Thanks to Sims, we are able to see how the legendary Stu Ungar played every single hand of the the 1997 Main Event final table.  As someone who had heard of Ungar’s genius, but never seen it in action, being able to get a sense of how he played was an incredible treat.

And we wouldn’t have that history were it not for Sims.  According to Melissa Hayden, Sims would speak the hands into a micro-cassette recorder and later write them up.  It had to be an arduous process, but Sims seemed to understand how you can’t really ascribe a value to having that information.

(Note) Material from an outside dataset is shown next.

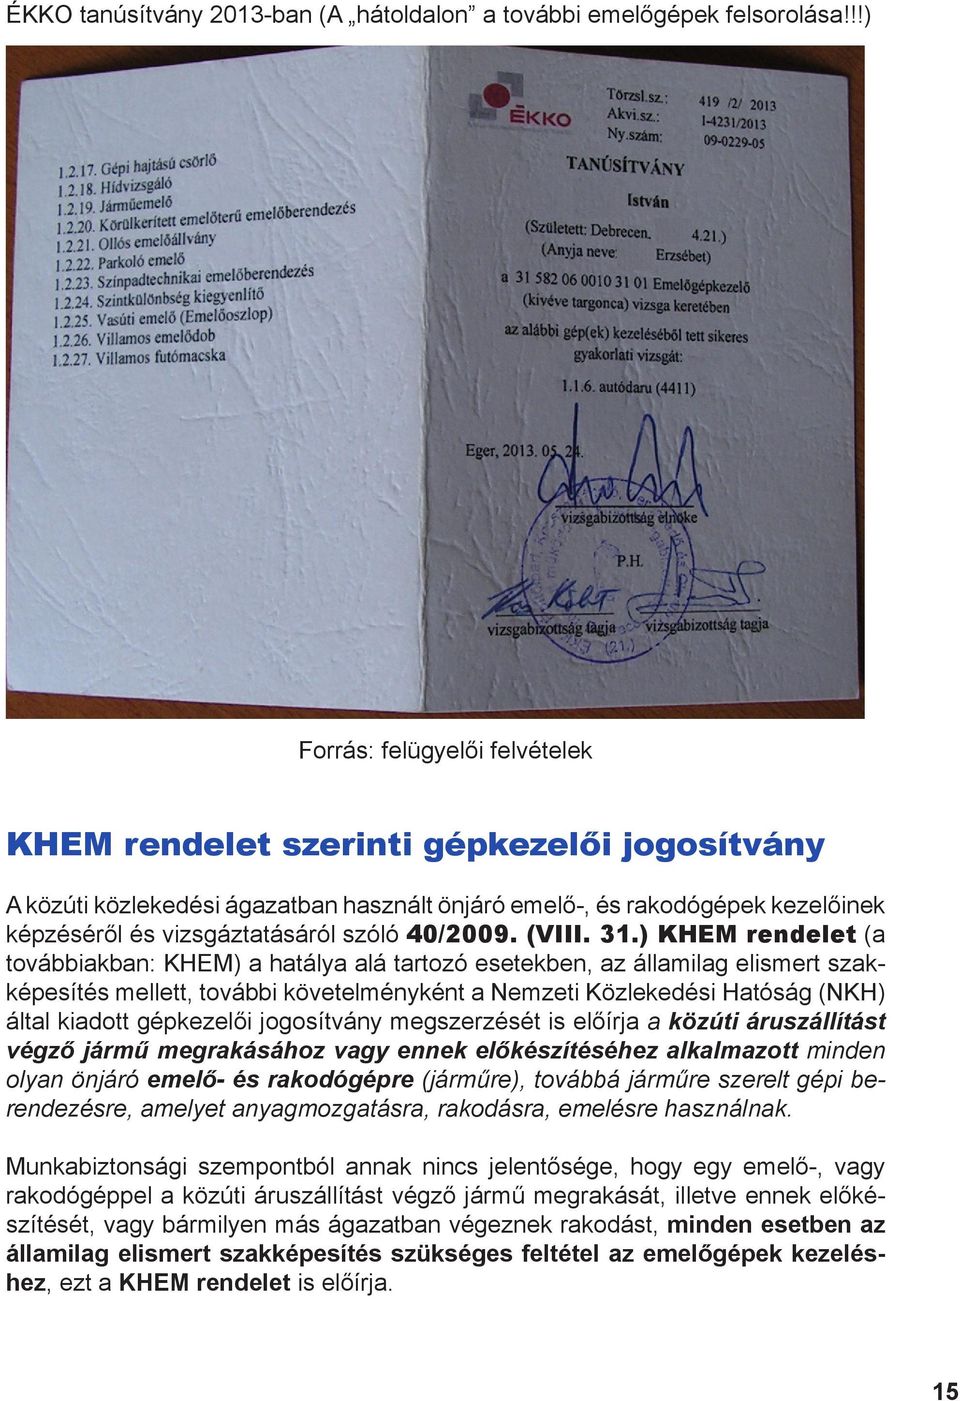 ) KHEM rendelet (a továbbiakban: KHEM) a hatálya alá tartozó esetekben, az államilag elismert szakképesítés mellett, további követelményként a Nemzeti Közlekedési Hatóság (NKH) által kiadott

Another project I found particularly worthwhile was “The Andy Bloch Project”. Bloch agreed to play guinea pig for Sims as Sims tracked every single hand Bloch played in the ‘97 Main Event.  All 648 of them.  That number alone is very telling.  In the first level of play alone, Bloch saw 95 hands of poker.  No one is keeping such extreme tabs these days, but in the 2012 Main Event, I’d be hard pressed to believe someone saw 50 hands over the course of a two-hour level, let alone nearly twice that.

You would also think that 648 hands must have gotten Bloch pretty far in this tournament. In reality, it didn’t. Sims estimates that when Bloch busted during Day 2, he finished in approximately 44th place.  That year there were 312 Main Event entrants. The top 36 made the money, so to compare it to this year’s Main Event, Bloch basically made it to Day 3.

As the shot clock in poker debate gets some traction this month, this document helps to firmly illustrate just how much faster the game can be played. Again, I reiterate that we would not have this information and these precise numbers were it not for the diligence of Sims.

Which brings me to my point. In 1997 a man with a micro-cassette recorder created one of the most compelling, colorful, and thorough pieces of content I have ever seen. His efforts between the Bloch project and the final table, in my mind, have more long-term value than any of the coverage generated at this year’s series. Yes, we have our archived live streams, which capture the mood, people, and action of the final table, but, aside from the Main Event final table and the Big One for One Drop final table, documented by ESPN, we have no precise records of hands played, flops seen, cards shown down.

I think we have come a long way in poker coverage, don’t get me wrong. The early day action, the growth of chip count coverage, and the incorporation of Twitter all add a lot to the history books.  However, it is time we stepped it up with hand-for-hand of every major final table.  The WPT already does this and, as a result, they are able to offer a wealth of statistical information that can only be estimated on other tours and at the WSOP.  While we have gained a lot in our ability to immediately report what is happening, we seem to be losing sight that these updates are the official record of these events and have a shelf life and utility that extends beyond the day of the final table.

Opponents of hand-for-hand have told me “color” is lost in the shuffle and that staff restrictions make it too difficult to pull off.  This is why Sims is my new poker media hero.  His work from this era shows you how even a shorthand version of hand for hand can offer a wealth of color and historical value and that it can be done without a laptop.  All you need is a micro-cassette recorder and a willingness to document everything for history’s sake.